This was not what we signed up to.

First, some background. Let’s cast our minds back to those heady days of 2014, when the Author Earnings Report first emerged.

The 7k Report

Said Hugh Howey at the time,

It’s no great secret that the world of publishing is changing. What is a secret is how much. Is it changing a lot? Has most of the change already happened? What does the future look like?

The problem with these questions is that we don’t have the data that might give us reliable answers. Distributors like Amazon and Barnes & Noble don’t share their e-book sales figures. At most, they comment on the extreme outliers, which is about as useful as sharing yesterday’s lottery numbers.

This lack of data has been frustrating.

I have longed for greater transparency so that up-and-coming authors can make better-informed decisions.

Well, Howey certainly gave us data, courtesy of the “data guru”, who in February 2014 offered us the “7K Report”, taking a look at 7,000 titles on Amazon to show how indie authors were, apparently, outselling and out-earning Big Pub.

It was revolutionary stuff back then, and given it told us what we all wanted to hear, no-one was to bothered about the fact that the “data guru” was simply taking a carefully selected single day’s data, itself of questionable accuracy, and extrapolating from that a full year’s sales.

It was a recipe for questioning the validity of the finds, and that kicked off just a week later when the second Author Earnings Report came out, looking at 50,000 titles. The comments thread is dominated by remarks questioning the results on numerous counts.

February 2014 Author Earnings Report

But by and large there was a ring of truth to the results, and over the following years Data Guy delivered what we wanted to hear. Evidence that indies were doing well and traditional publishing was struggling.

True or not, it sounded good.

The problem was, Data Guy, who supposedly had all the numbers at his fingertips, chose never to give us the whole picture.

As Jane Friedman and Porter Anderson said in the Hot Sheet this past February,

The reports were erratic in focus, each changing the basis for analysis, so that no consistent comparative picture could be built from them.

This, of course, was quite deliberate. We can be sure of that, because no–one with even elementary training in statistics would erroneously deliver such a muddled picture.

Besides, Data Guy himself touted his credentials, dismissing any criticism with the comment,

I get a real chuckle every time I see the assumptions folks are making about the team’s data analysis expertise or lack thereof. I suspect that, if that background were common knowledge, a lot of the most vocal folks promoting their own presumably-superior qualifications would get real quiet real quick.

But of course that background is not common knowledge. In all the years of the Author Earnings Reports we have always been asked to accept Data Guy’s anonymity and take his expertise on trust. That’s not to say many in the industry are unaware of who he is, but we all respect his decision to keep his real identity private.
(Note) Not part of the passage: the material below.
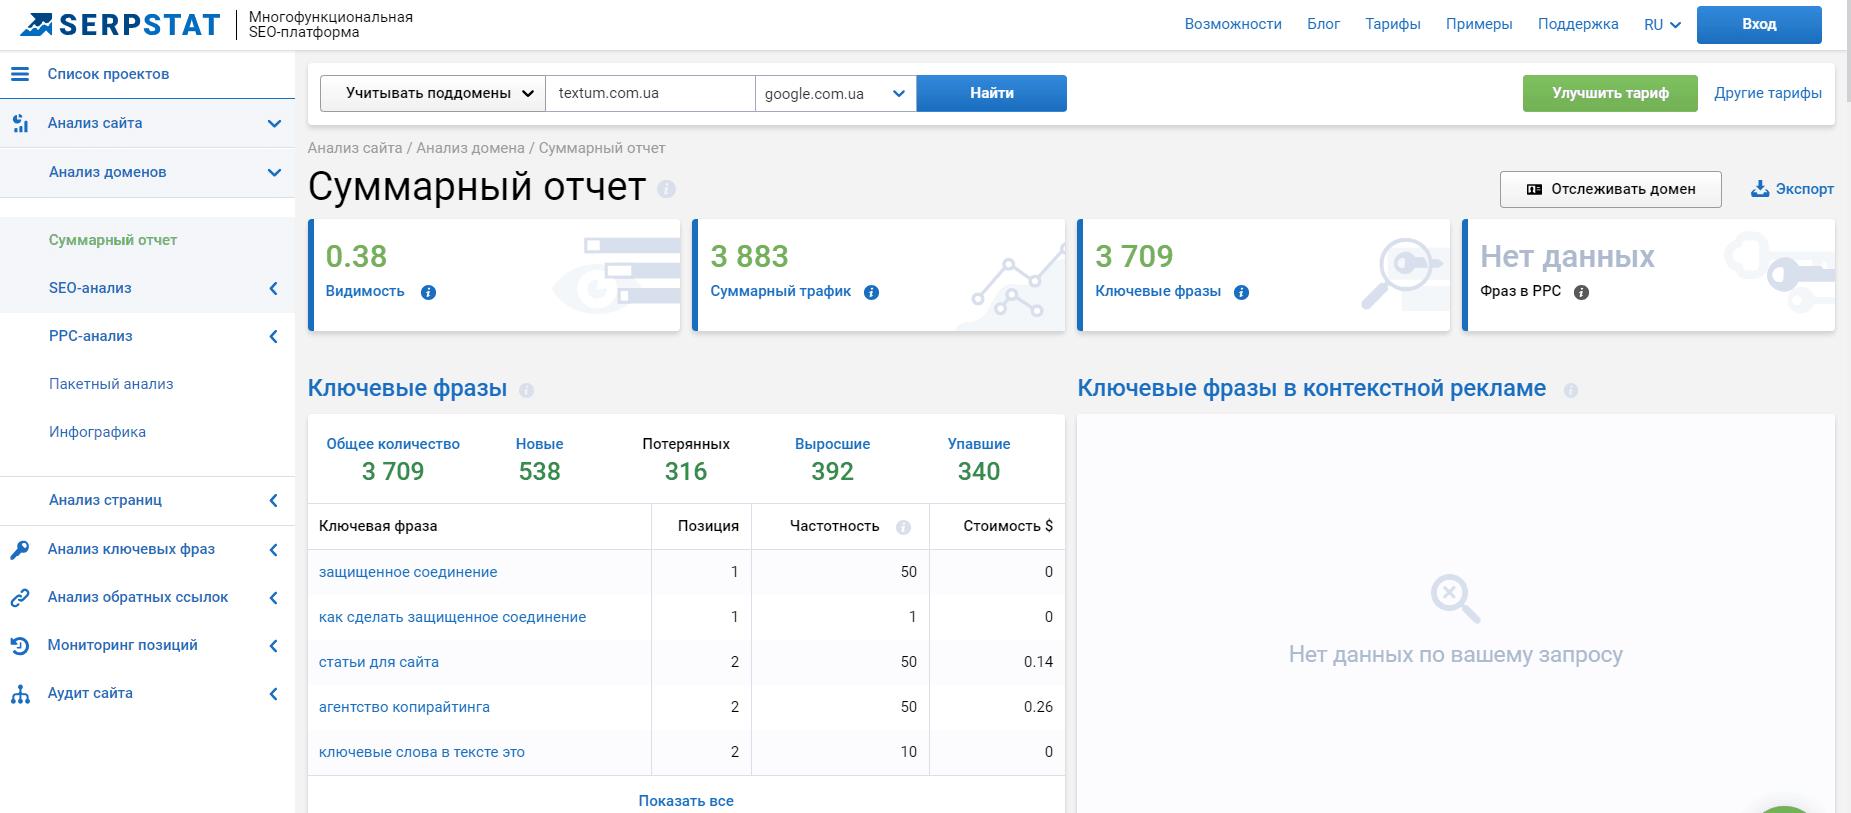 Семантическое ядро для сайта: анализ конкурентов через Serpstat

Or at least, that was the case. But now we are in the bizarre situation where Data Guy, still declining to reveal his own true identity, is happily selling indie author earnings data through BookStat to anyone who can meet the price.
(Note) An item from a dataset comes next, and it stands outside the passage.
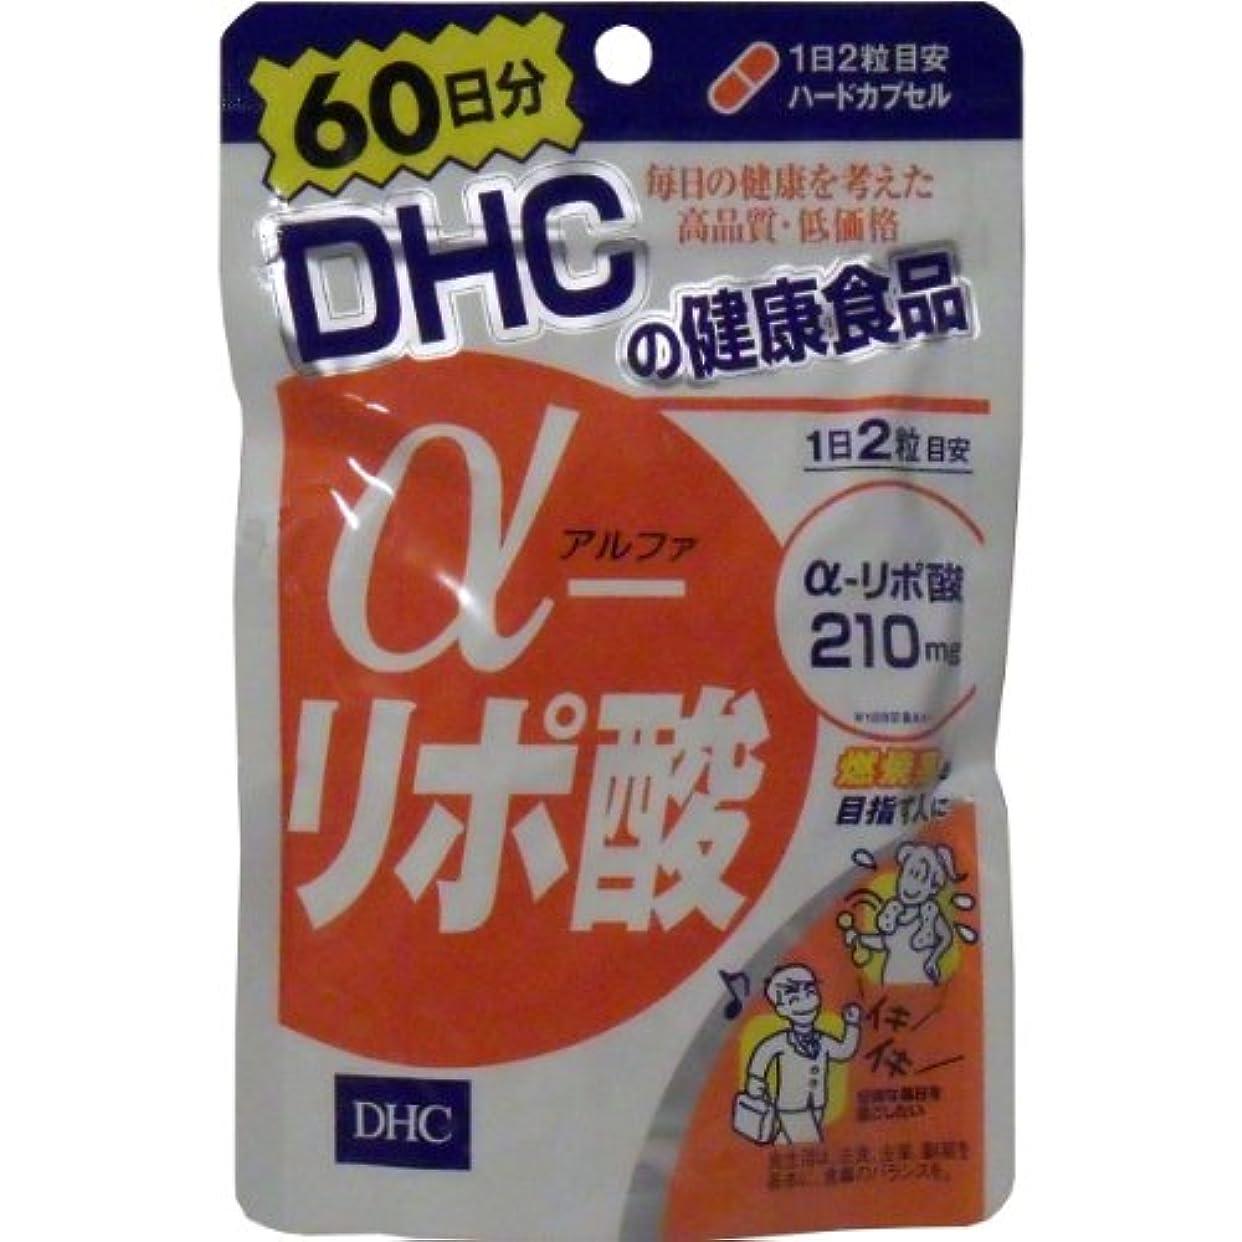 キリスト教電気和解する【???便】DHC α-リポ酸 60日分(120粒)×4個セット

Just what the price is remains unclear, but to even qualify to get considered you need to be a company with turnover of $10 million.

If your company’s annual revenues are $10 million or more, and you think Bookstat’s sales data dashboard might be a good match for your business needs, give us a shout. We’d be happy to set up a live demo or explore different subscription options.
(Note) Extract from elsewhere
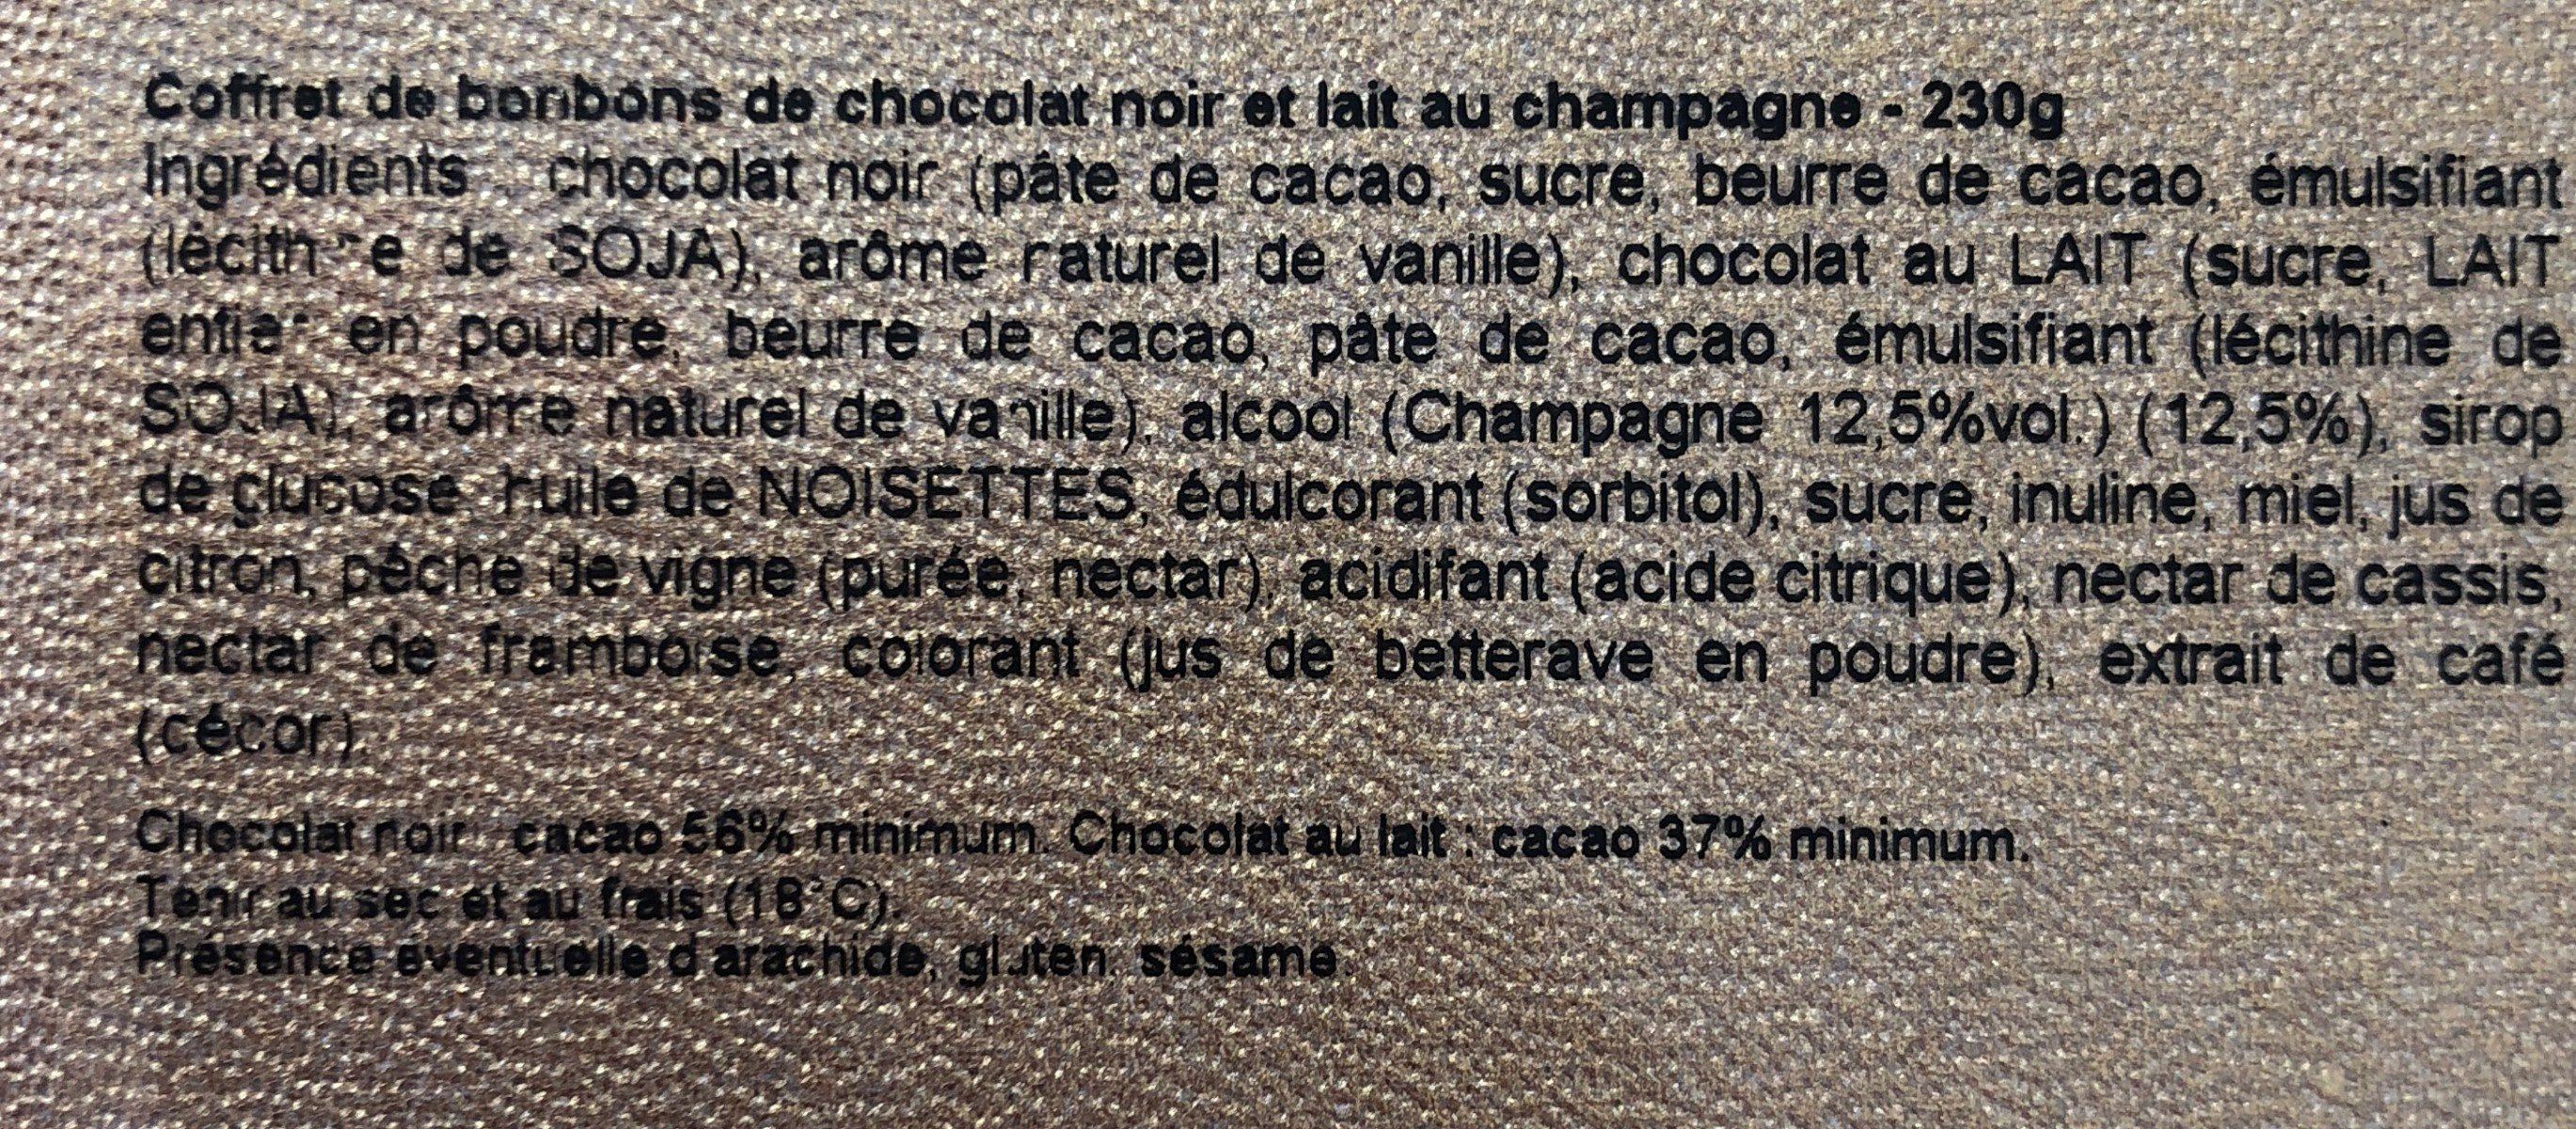 Coffret de bonbons de chocolat noir et lait au champagne - Ingrédients

What sort of data is Data Guy selling?

From the largest Big Five trade publishers down to the scrappiest garage micropresses, to sales from Amazon’s in-house publishing imprints and format-dominating Audible Studios to J.K. Rowling’s Pottermore — data that you’ll find nowhere else — even the sales of individual self-published authors: it’s all right there, live at your fingertips, ready for you to ask it the questions that drive your business.

And yes, “even the sales of individual self-published authors” means how many sales you or I made today / last week / last year. All available to corporate publishing to examine at their leisure.

Will that data be accurate? Data Guy is claiming around 95% accuracy. But one of the many problems here is that we who aren’t in the $10 million turnover club are not going to be given the chance to see, challenge, or correct the claims Data Guy is making about our sales.

Now that may be no big deal for the hobbyist author selling a handful of books each month. It gets more serious for the career author. Those numbers of Data Guy’s could be way off the mark. We don’t know, of course, because we aren’t being given the option to inspect the data BookStat is selling about us.

There have always been serious questions about the accuracy of the Author Earnings Reports, both publicly and, especially, in discussions in private Facebook groups where professional indie authors congregate. And the latest report was no exception.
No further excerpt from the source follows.